Nothing says springtime like an incubator buzzing. It’s always hard for me to wait and time my hatching just right. It gets so cold here that I don’t like hatching before it warms up, but I need to balance that with being a rather inpatient gal. I’m a lucky girl however, with a VERY good husband for he has allowed me to designate an entire room in my house to chickens. I have a “chick room” designed simply for incubating, hatching and brooding chicks. It’s fantastic in the early months of spring when it’s just a little too chilly to let those babies outside. Who doesn’t love having chicks in the house anyway?
My Top 5 Ways to Raise Awesome Chicks:
1. Handle Your Chicks Regularly.
This makes your chicken life SO much easier. The babies that I’ve hand raised are so much easier to deal with as adults, than adult chickens I have purchased. If you ever need to handle or doctor your chickens, you’ll want them as calm as possible around you. (Make sure your hands are washed, so that you aren’t introducing germs, parasites or any potential diseases to your new babes. This is especially the case if you have a flock of chickens, or are handling any other birds.)

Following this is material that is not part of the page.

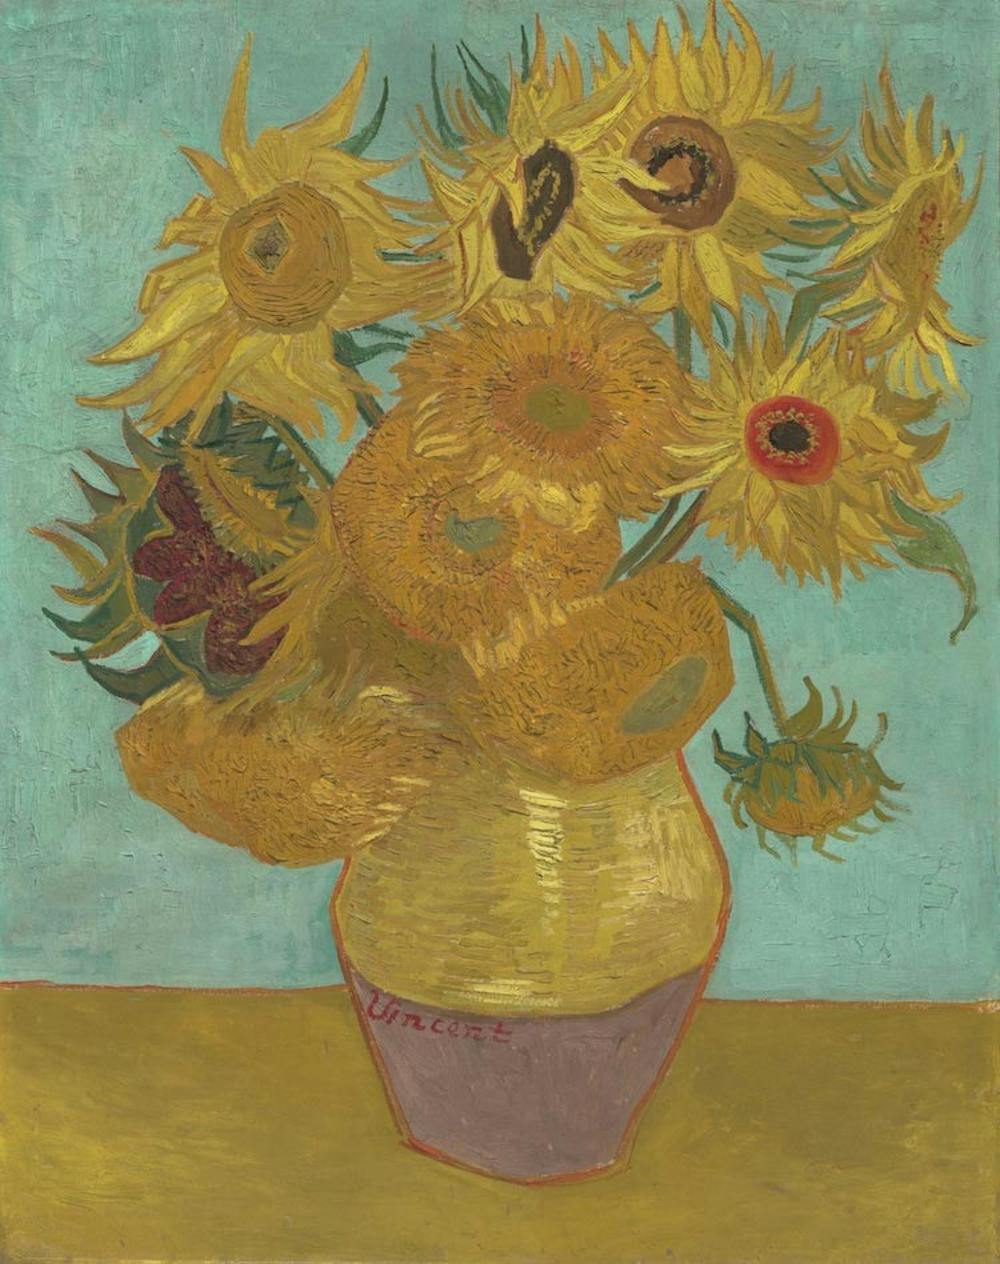 The Story of Van Gogh

2. Feed Age/Stage Appropriate Feed.
If you are raising chicks for the first time this is essential and you need to do some research. The growth stages of chicks is fast and you don’t have a lot of time to remedy mistakes. Protein, vitamin and trace mineral level needs very at every age stage and the results of using accurate levels will make a huge difference to your chicks. They will be larger, stronger, healthier and produce less waste. Read a couple of non-biased studies and you’ll see the difference. Quality feed is well worth the small additional cost.
3. Invest in a Good Brooder.
You can buy awesome kits or complete brooders for raising your chicks, or you can make one and get the same results – your choice. We built ours and the kids still love adding new things to keep the chicks happy and entertained. You can see some great ideas for brooders and coop ideas here. Your chicks need a warm, safe place to grow. They need ample fresh water, food and a clean space to move and grow. The temperature should be around 90F for the first week, and should be reduced by around 5 degrees each following week, until the chicks have their all of their feathers. If your chicks are huddled up to or under your heat source it’s not warm enough, however, if they are all as far away from your heat source as possible it’s too warm.
Note: The chicks have moved the shavings away from the paper they are standing on, and you DO NOT want your chicks standing on plain newspaper – Bullet 4 will cover this.
4. Keep them on a textured surface.
This is a factor that most new chick owners are unaware of. Chicks need to be kept off of anything slippery: newspaper, vinyl, linoleum, hardwood etc… Although handy and generally easy to clean those little feet have nothing to grip onto and some pretty serious developmental issues can follow. Splayed leg for instance, where one or both of their legs slides to the side (looking similar to a break), makes the chick unable to walk. Typically this results in the chick getting culled or you playing chicken doctor like me and finding a way to make the worlds smallest splint. Let me tell you this was one of the most time consuming and frustrating jobs of my life.
I tend to have multiple surfaces in my brooder, typically shavings on one side and a folded towel on the other. My brooder is large with a lot of room to exercise and we add stimuli to keep them thinking and prevent boredom. I elevate the water, to prevent getting shavings inside.
5. Introduce to the Flock Early
When, where and how you introduce chicks to the rest of your flock depends on several factors. What is the season and temperature outside, for you need to make sure your chicks are fully feathered and old enough to withstand and temperature changes without a hen to keep them warm. How large is your flock and how sensitive your flocks pecking order is also plays a huge role, as your chicks safety is your number one concern. Also, it’s never a good idea to just throw your babies in the coop. When I am introducing chicks I set up a metal crate inside the coop and the chicks live in the crate for several days but separated for their safety. I find this gives them a good opportunity to watch and learn. They see how the older chickens interact with each other, and they get a feel for the pecking order without having to be apart of it. It also gives my hens an opportunity to watch the chicks and get comfortable with them. When i’m ready to release, I do it at night with the lights out. Typically, when the chickens wake up no one is the wiser, however, I do leave the crate in the coop with a small barrier door (chicks fit under but chickens don’t), so that if needed the chicks have a safe place to run and hide. My goal is to have my chicks out and learning from the masters early.